The claim step is where many systems break. You want to mark a job as running (and store locked_by and locked_until) in the same transaction that selects it. Many databases support “skip locked” reads so multiple schedulers can run without stepping on each other.

-- concept example
BEGIN;
SELECT id FROM jobs
WHERE status='queued' AND run_at <= NOW()
ORDER BY run_at
LIMIT 100
FOR UPDATE SKIP LOCKED;
UPDATE jobs
SET status='running', locked_until=NOW() + INTERVAL '5 minutes'
WHERE id IN (...);
COMMIT;

Keep the batch size small (like 50 to 200). Bigger batches can slow down the database and make crashes more painful.

If the scheduler crashes mid-batch, the lease saves you. Jobs stuck in running become eligible again after locked_until. Your worker should be idempotent so a reclaimed job doesn’t create duplicate emails or double charges.

Patterns for reminders, daily summaries, and cleanup

Most teams end up with the same three kinds of background work: messages that need to go out on time, reports that run on a schedule, and cleanup that keeps storage and performance healthy. The same jobs table and worker loop can handle all of them.

Reminders

For reminders, store everything needed to send the message in the job row: who it’s for, which channel (email, SMS, Telegram, in-app), which template, and the exact send time. The worker should be able to run the job without “looking around” for extra context.

If many reminders are due at the same time, add rate limiting.
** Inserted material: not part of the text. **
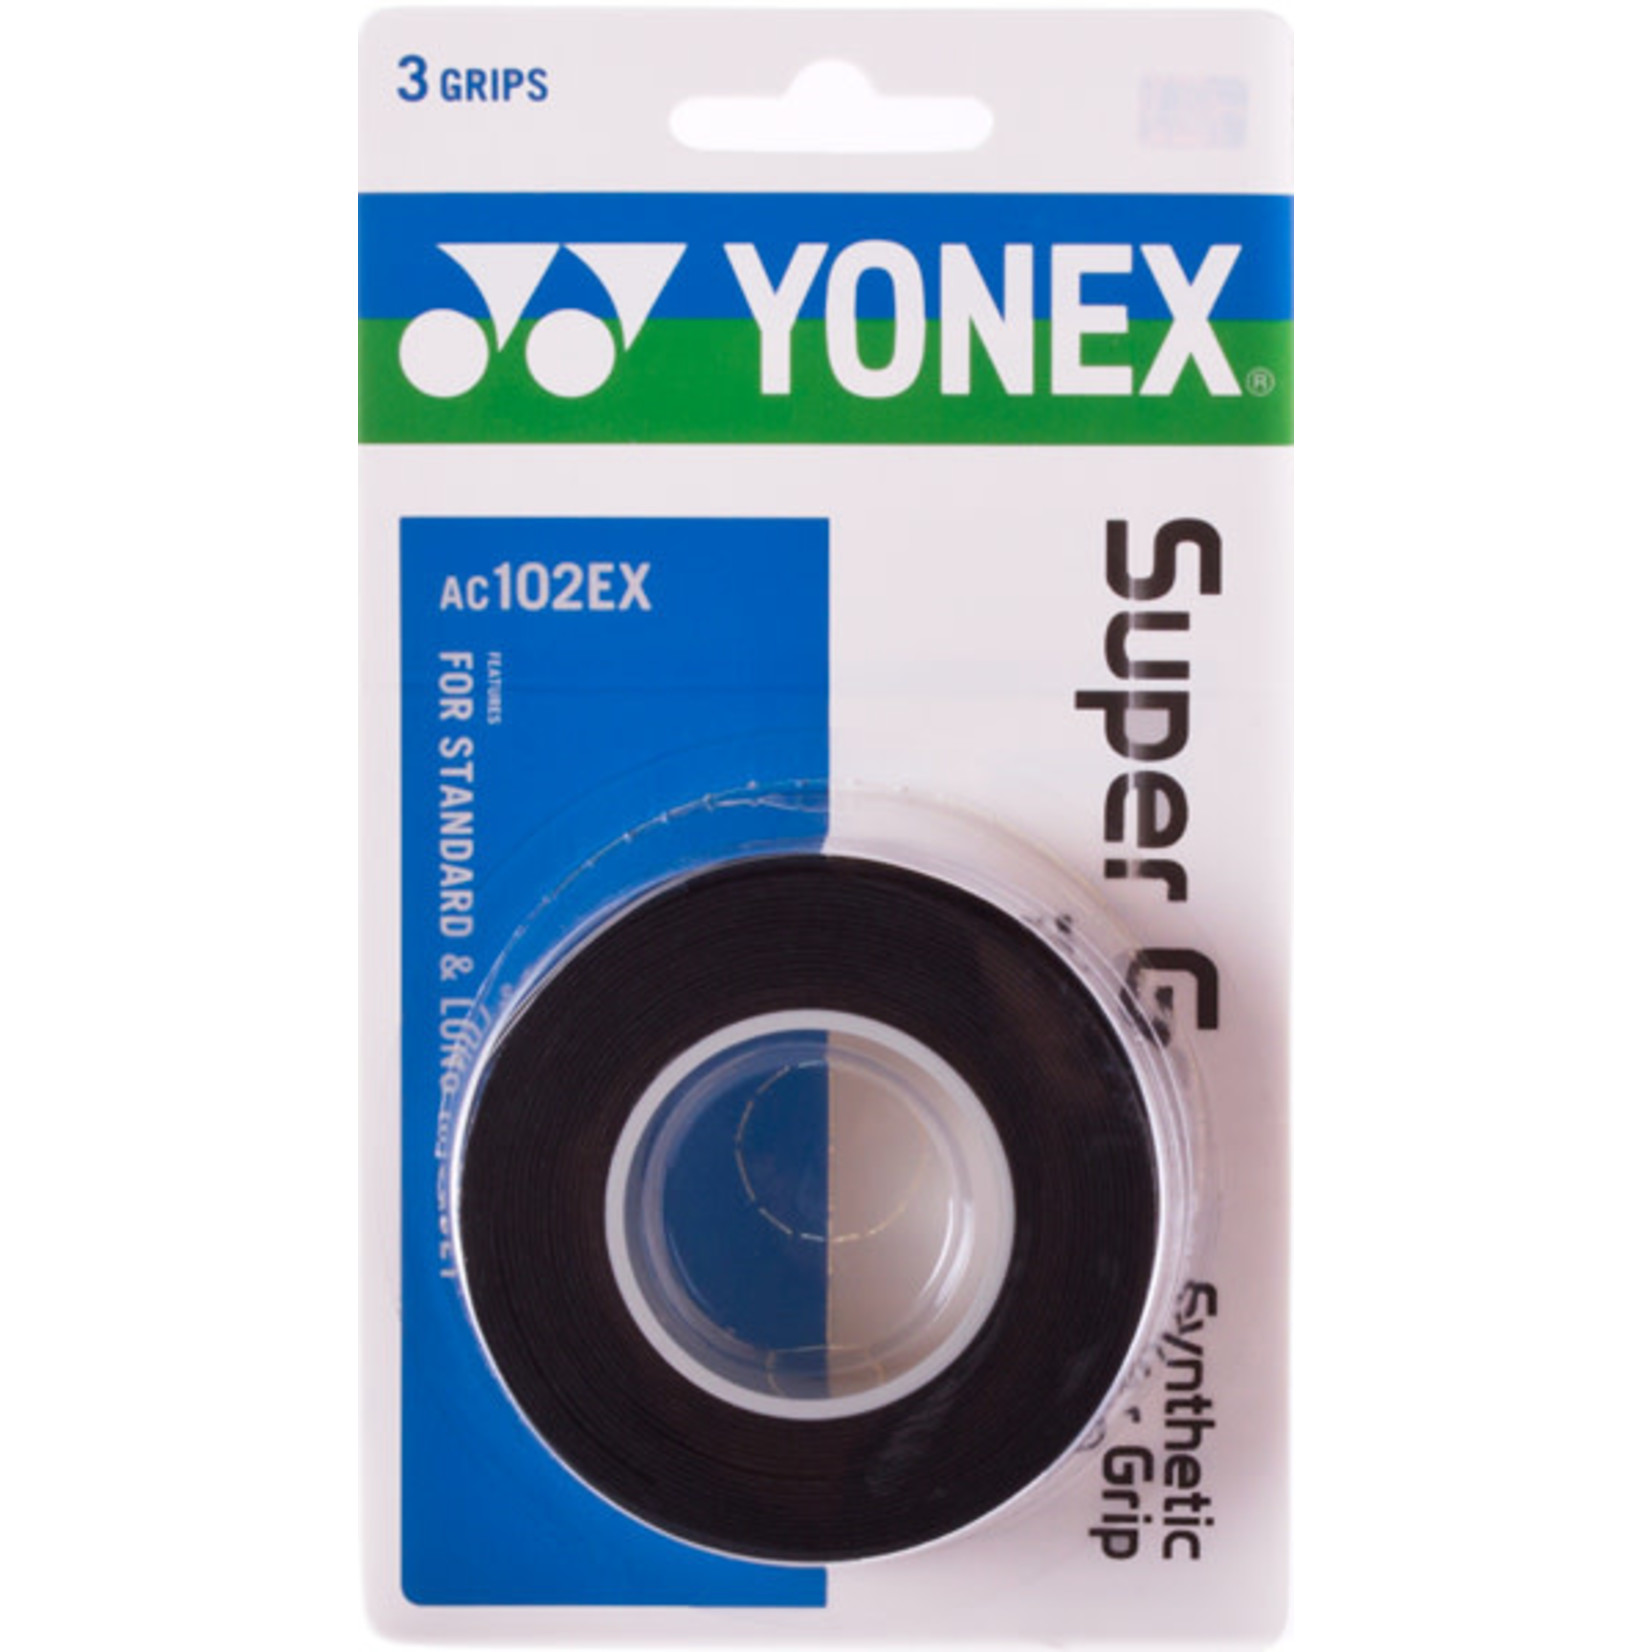 Yonex Yonex Super Grap Overgrips - Black

Cap messages per minute per channel and let extra jobs wait for the next run.

Daily summaries

Daily summaries fail when the time window is fuzzy. Pick one stable cutoff time (for example, 08:00 in the user’s local time), and define the window clearly (for example, “yesterday 08:00 to today 08:00”). Store the cutoff and the user time zone with the job so reruns produce the same result.

Keep each summary job small. If it needs to process thousands of records, split it into chunks (per team, per account, or by ID range) and enqueue follow-up jobs.

Cleanup tasks

Cleanup is safer when you separate “delete” from “archive.” Decide what can be removed forever (temporary tokens, expired sessions) and what should be archived (audit logs, invoices). Run cleanup in predictable batches to avoid long locks and sudden load spikes.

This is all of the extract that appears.